> Records for this exercise:
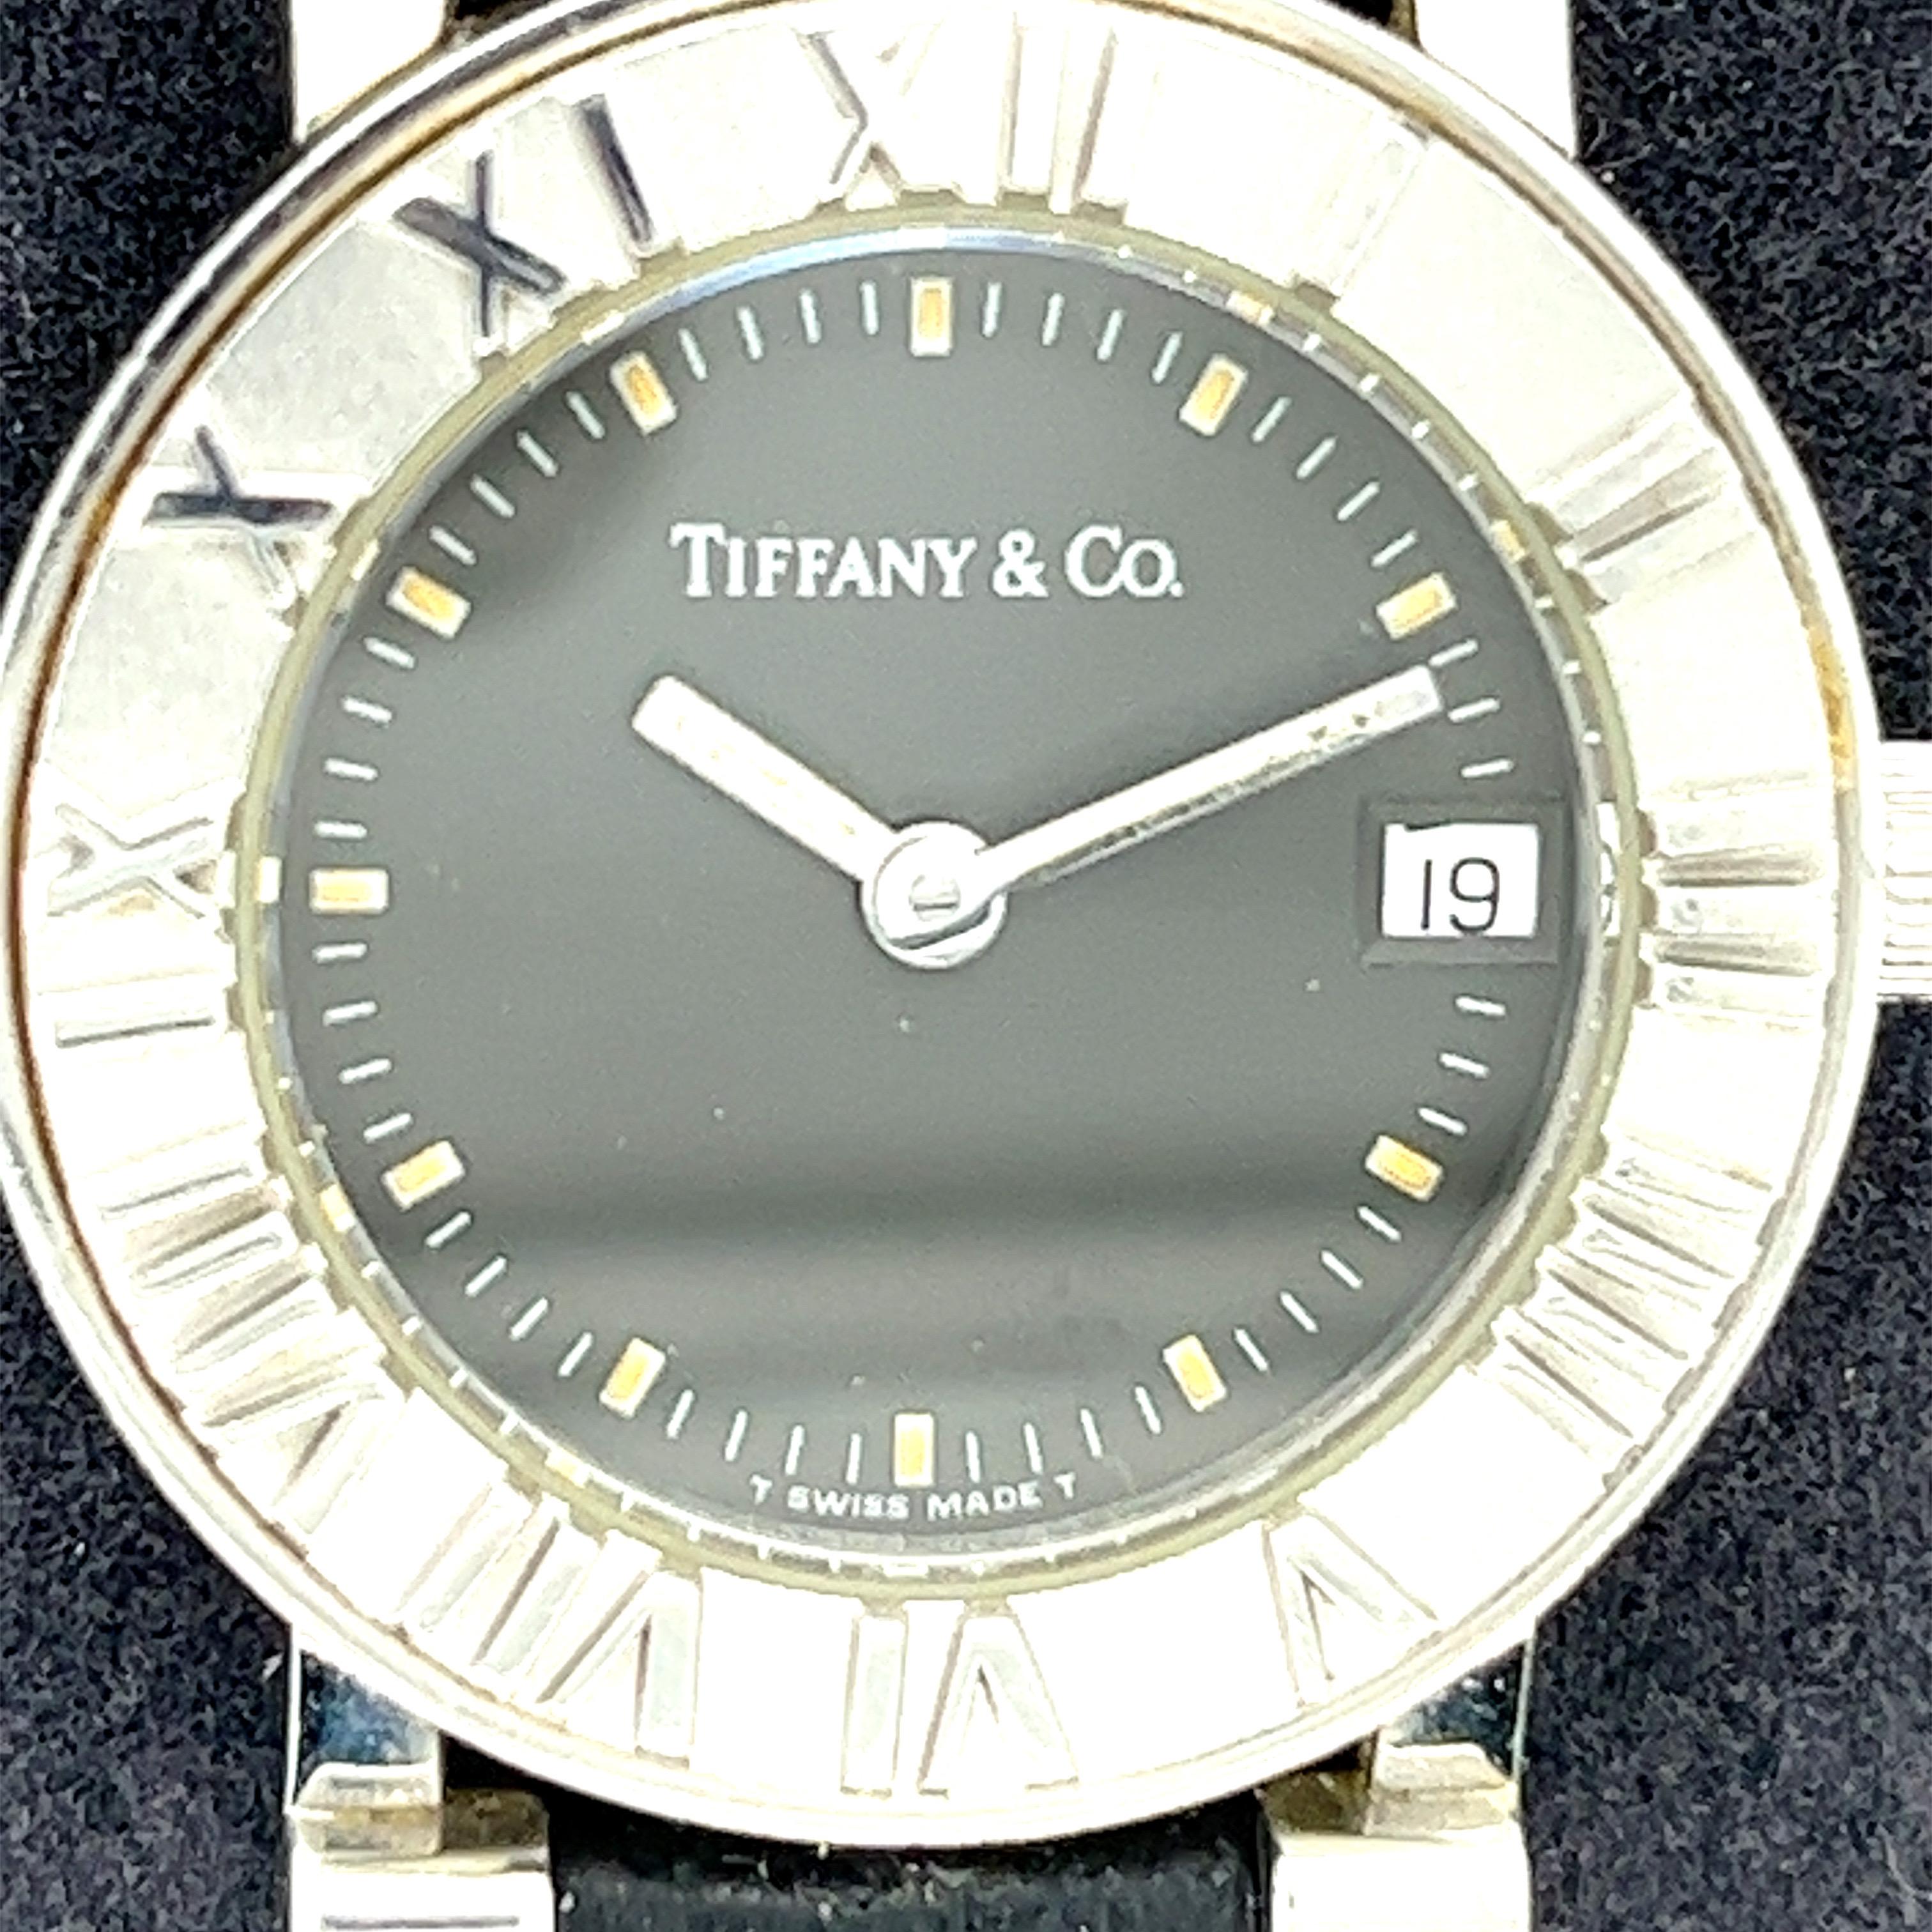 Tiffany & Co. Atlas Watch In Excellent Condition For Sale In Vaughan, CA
==
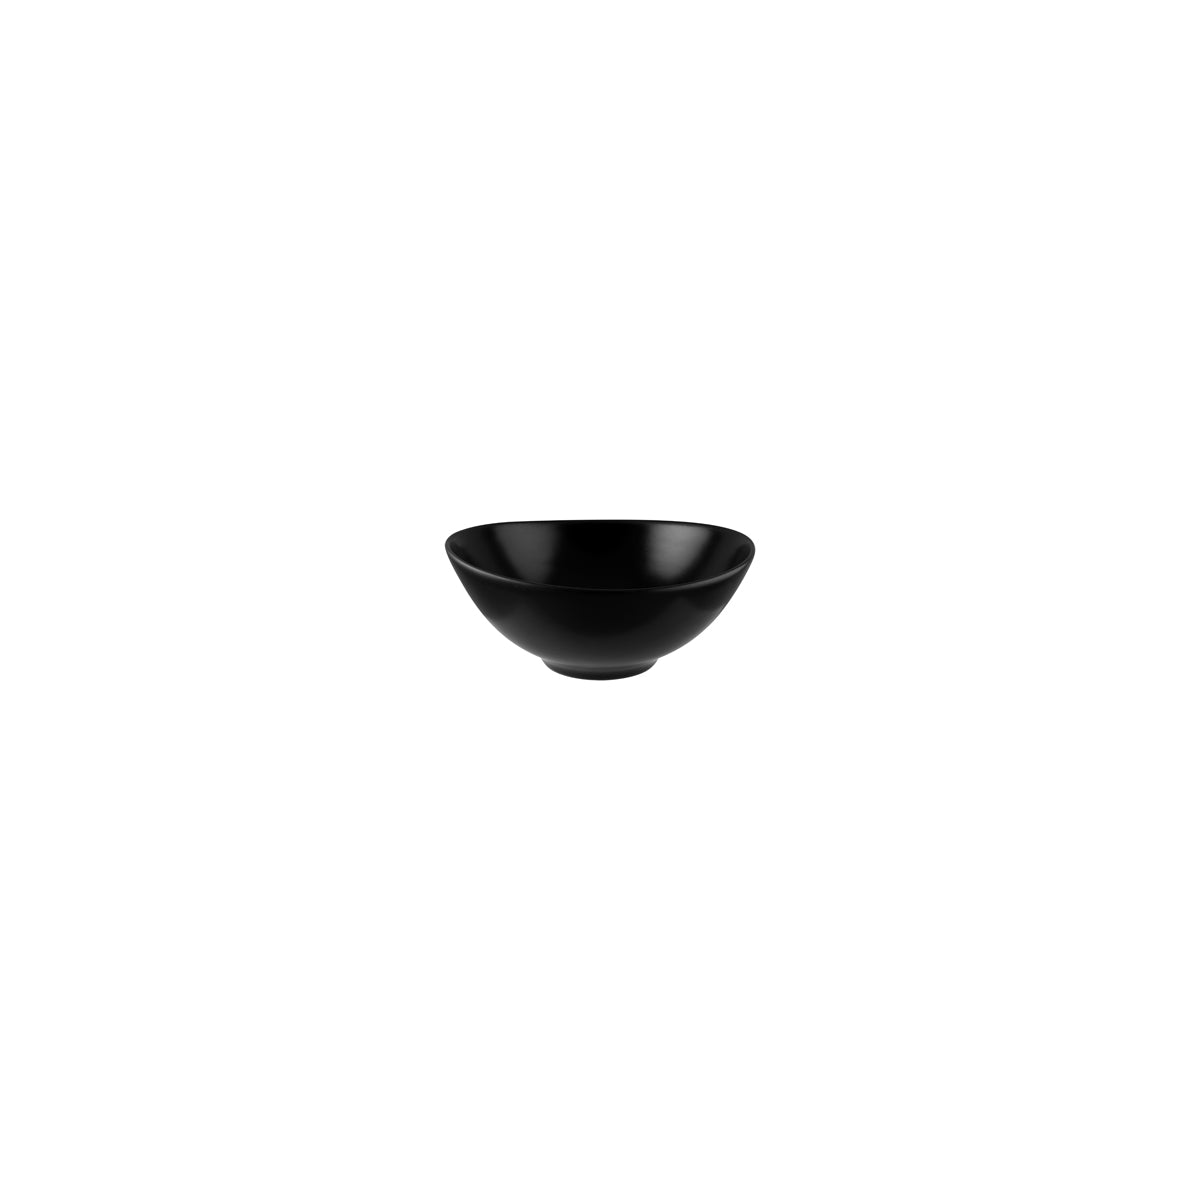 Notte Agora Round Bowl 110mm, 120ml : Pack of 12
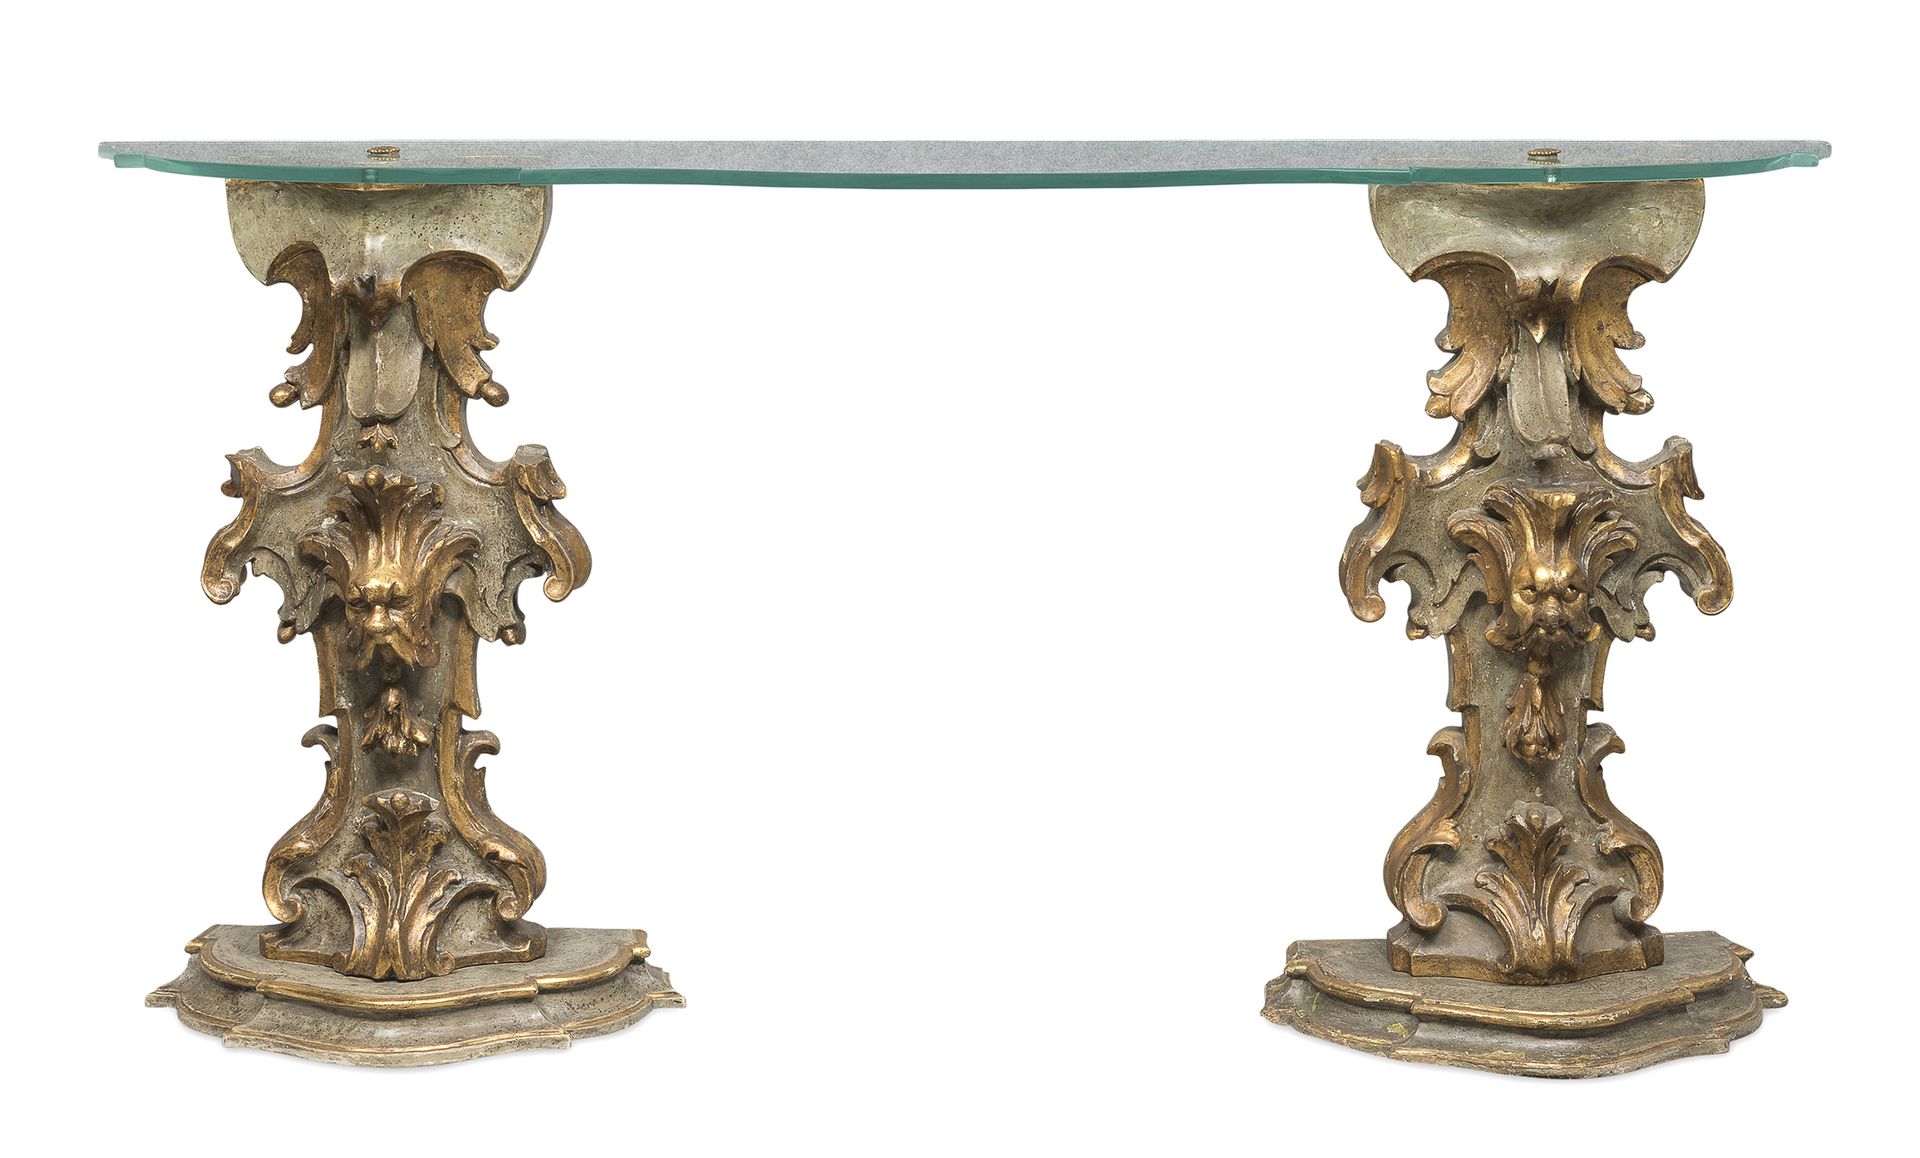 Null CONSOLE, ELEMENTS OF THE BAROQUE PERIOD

> What this task involves: Output only the stretch above from the line with "Notte Agora Round" through the line with "Null CONSOLE, ELEMENTS OF THE BAROQUE PERIOD", reproduced exactly. Exclude pictures.

> Your response:
 Notte Agora Round Bowl 110mm, 120ml : Pack of 12
 Null CONSOLE, ELEMENTS OF THE BAROQUE PERIOD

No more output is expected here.